Image 4. View of Yosemite Valley, carved by glaciers and protected by humans

7: Without glaciers, we might not exist.

660 million years ago, the Earth was covered with ice (see point 3). As you can imagine, being in a giant freezer is pretty hard on life, and many ecosystems were ravaged. Temperatures were exceedingly cold and the ice cover prevented sunlight penetrating the ocean. But when the ice melted, the creatures that had weathered the storm had the opportunity to evolve and diversify into a spectacular array of life. Thus, multi-cellular life got a foothold, and from these humble beginnings we eventually crawled.

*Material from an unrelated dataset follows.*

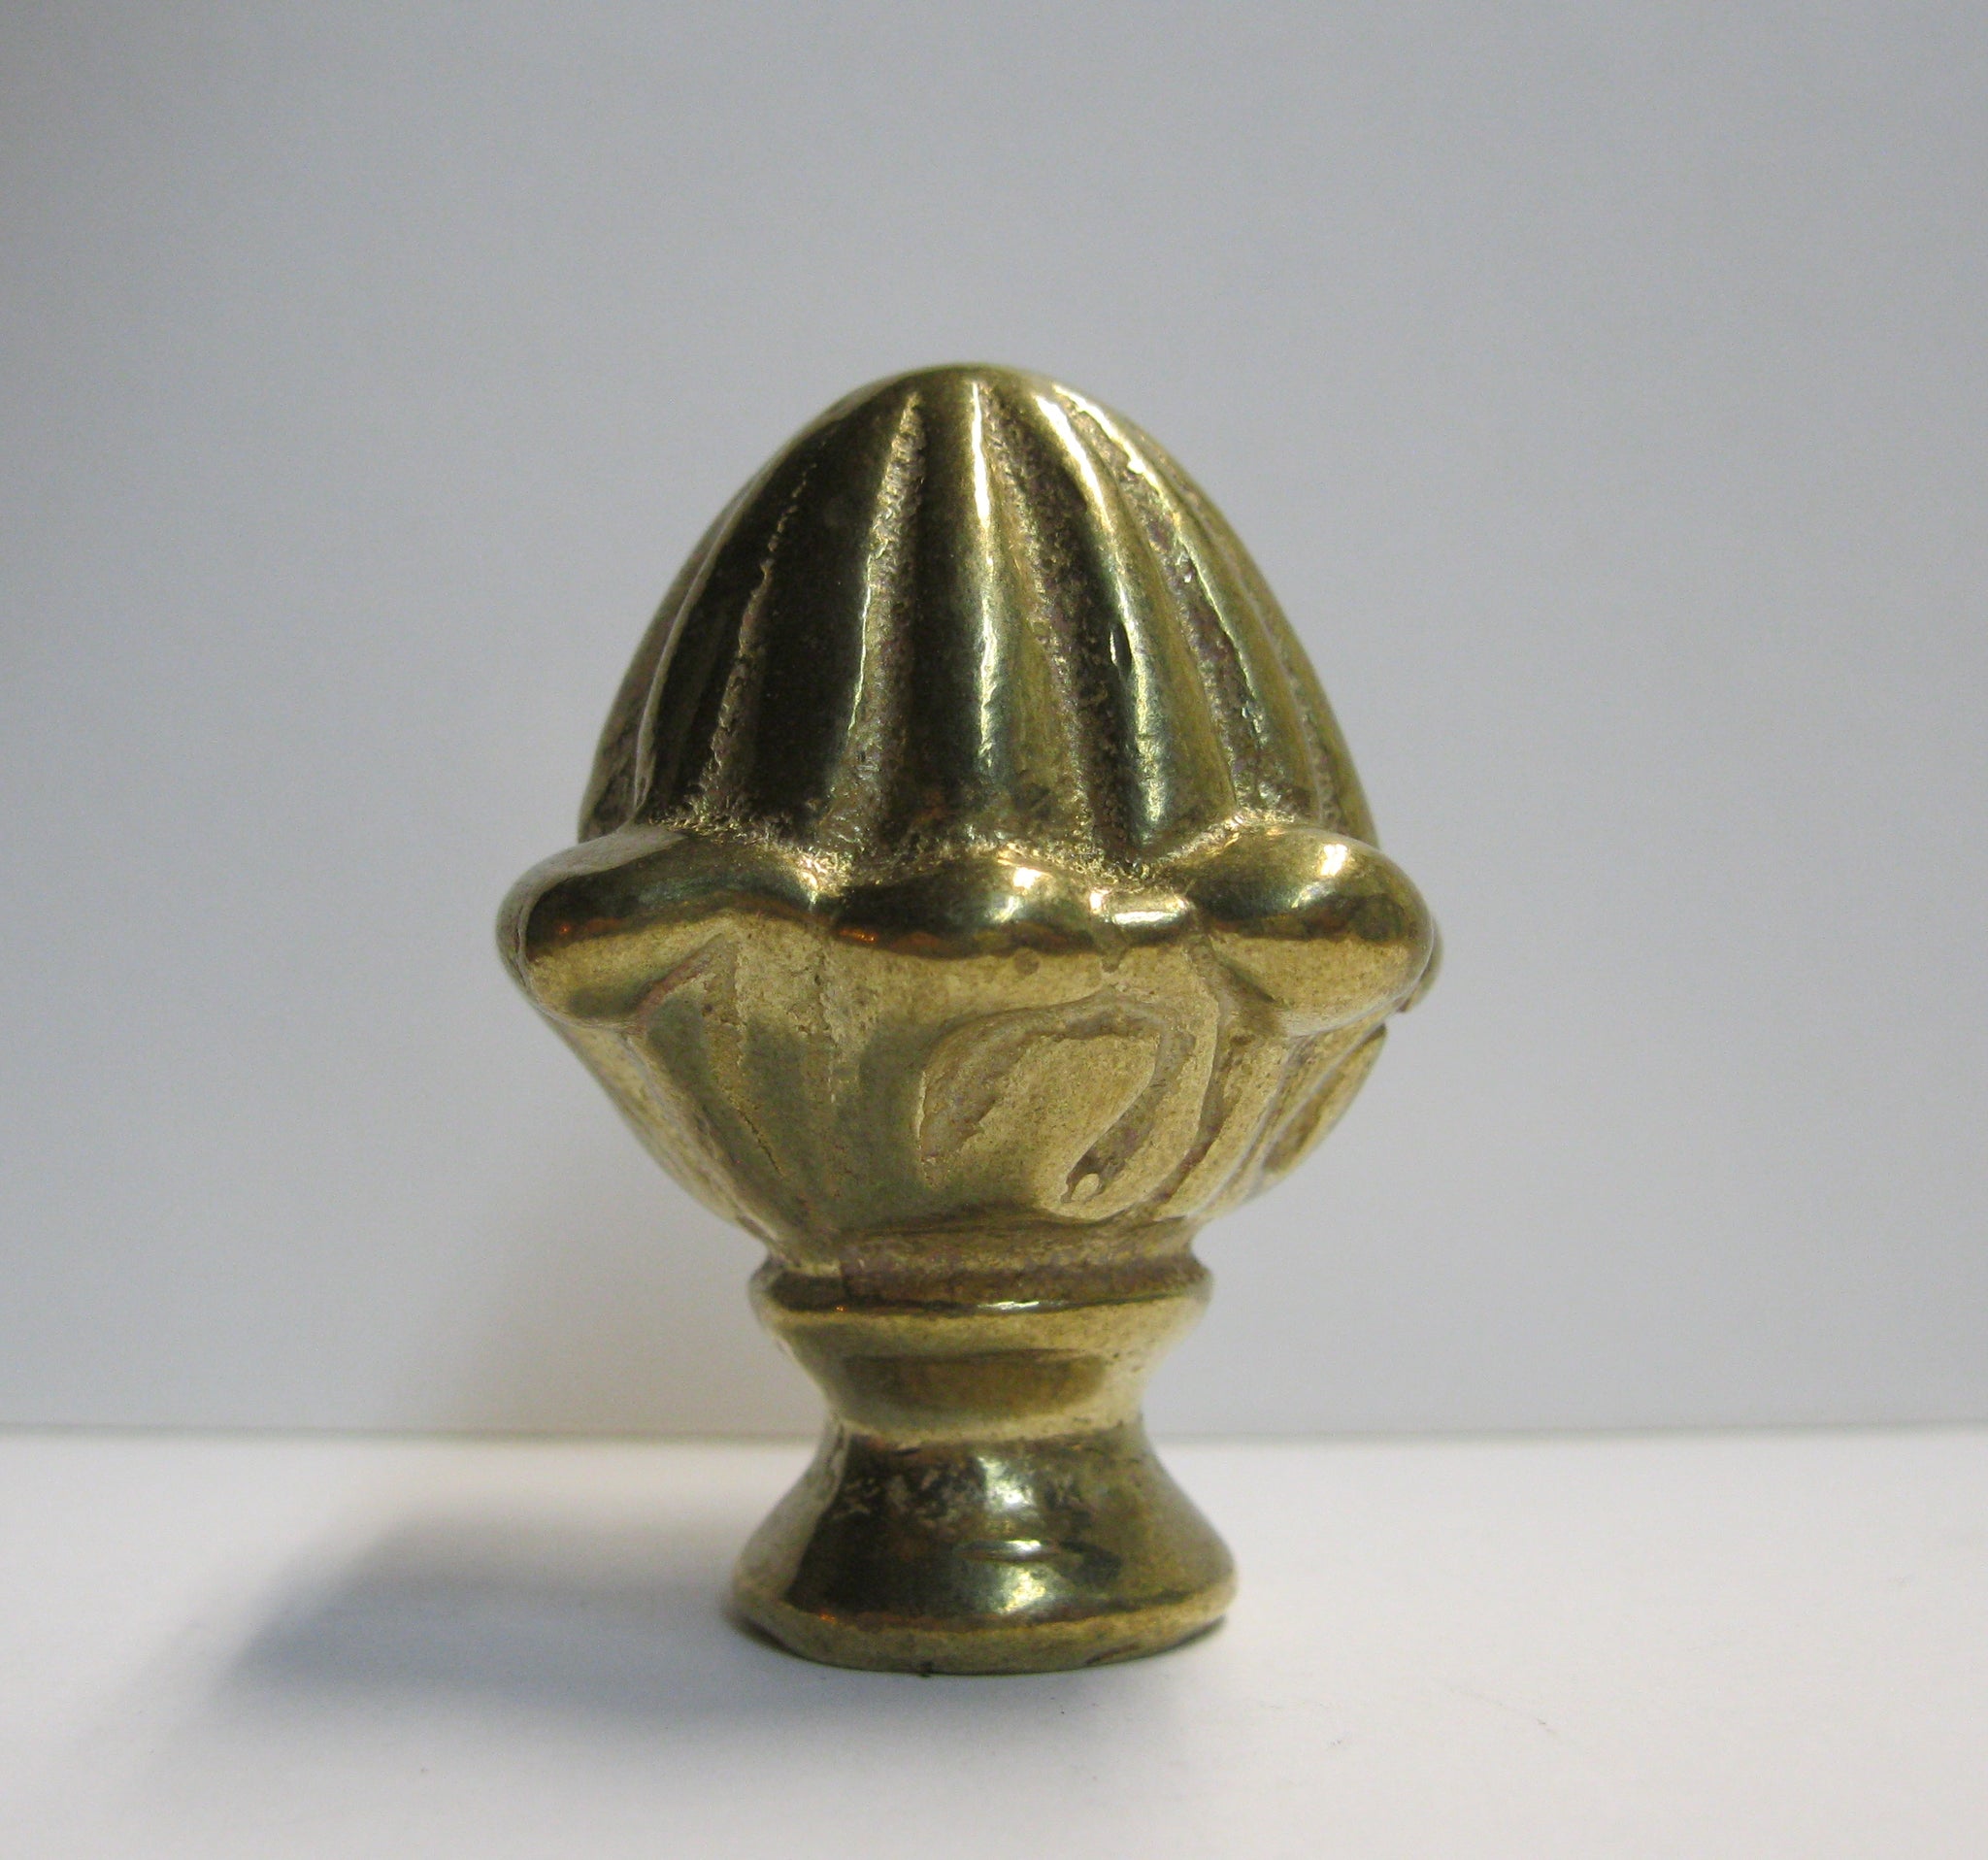 24019-41, 1 Pack Steel Lamp Finial in Antique Brass Finish, 1 1/4
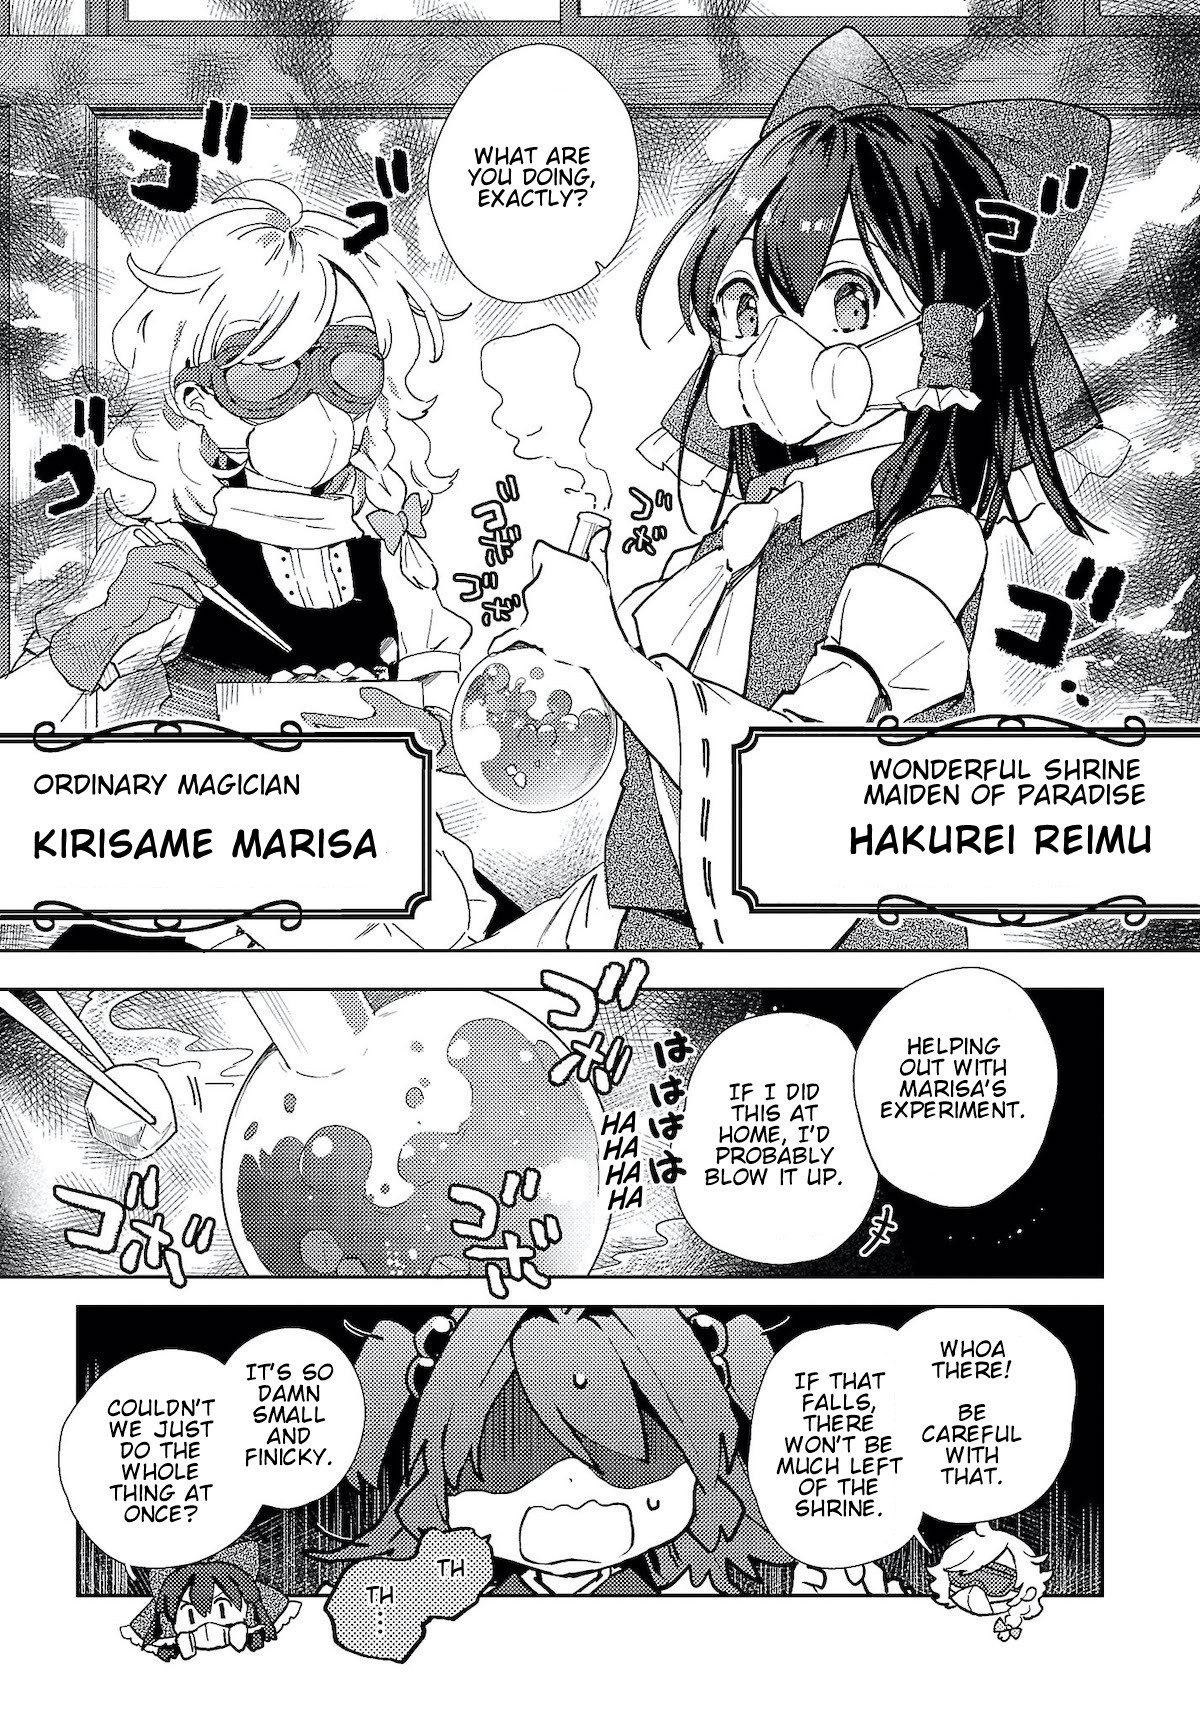 The Shinigami's Rowing Her Boat As Usual - Touhou Chapter 4 #3

8: They show us what we’re doing to the world

Not all glaciers are retreating. But the sad news is, most of them are. Even sadder is the fact that their retreat is partly (largely?) due to us. By analysing ancient air bubbles frozen into the glaciers, we are able to reconstruct the composition of the atmosphere and temperatures from 800, 000 years ago. Time and again, the conclusion is that our climate is warming at an unprecedented rate. But you don’t need tiny bubbles and fancy microscopes to understand that our climate is changing and glaciers are retreating. Take a look at the Mer de Glace and see for yourself. Just don’t get all Trump with me. The question isn’t whether anthropogenic climate change is happening, it’s whether you care enough to do something about it.

9: They give us scrambles.

            Classic scrambles and alpine routes follow arêtes. These features are the result of two glaciers separated by a rocky ridge flowing side by side. They form the arms of the chair where glaciers once sat (Crib Goch and Striding Edge being great examples). The arêtes found here in the UK are more subdued than those found in the Alps, simply because they’ve had several thousand years of upland weather nagging them.

10: They are an essential ingredient in our experience of, and attachment to, alpine and polar environments

            Standing in the Sahara desert or the Amazonian rainforest is a very different experience to being in the French Alps. A large part of this difference results from the features of the natural world. Alpine environments lure us with their otherworldly whiteness and black, looming peaks framed against a cobalt blue sky (Image 5). Crunch, crunch; as you step across the snow, breathing heavily and sweating across your back. The wind in your ears and gentle tugging on your waist as the rope pulls and your partner stomps on. Without glaciers, risk would be diminished and the high mountains would loose part of their appeal. Just don’t get eaten.

Image 5. Crossing the Glacier Blanc in the French Alps.

*Like some feral beast, this region is referred to as the glaciers’ “snout”.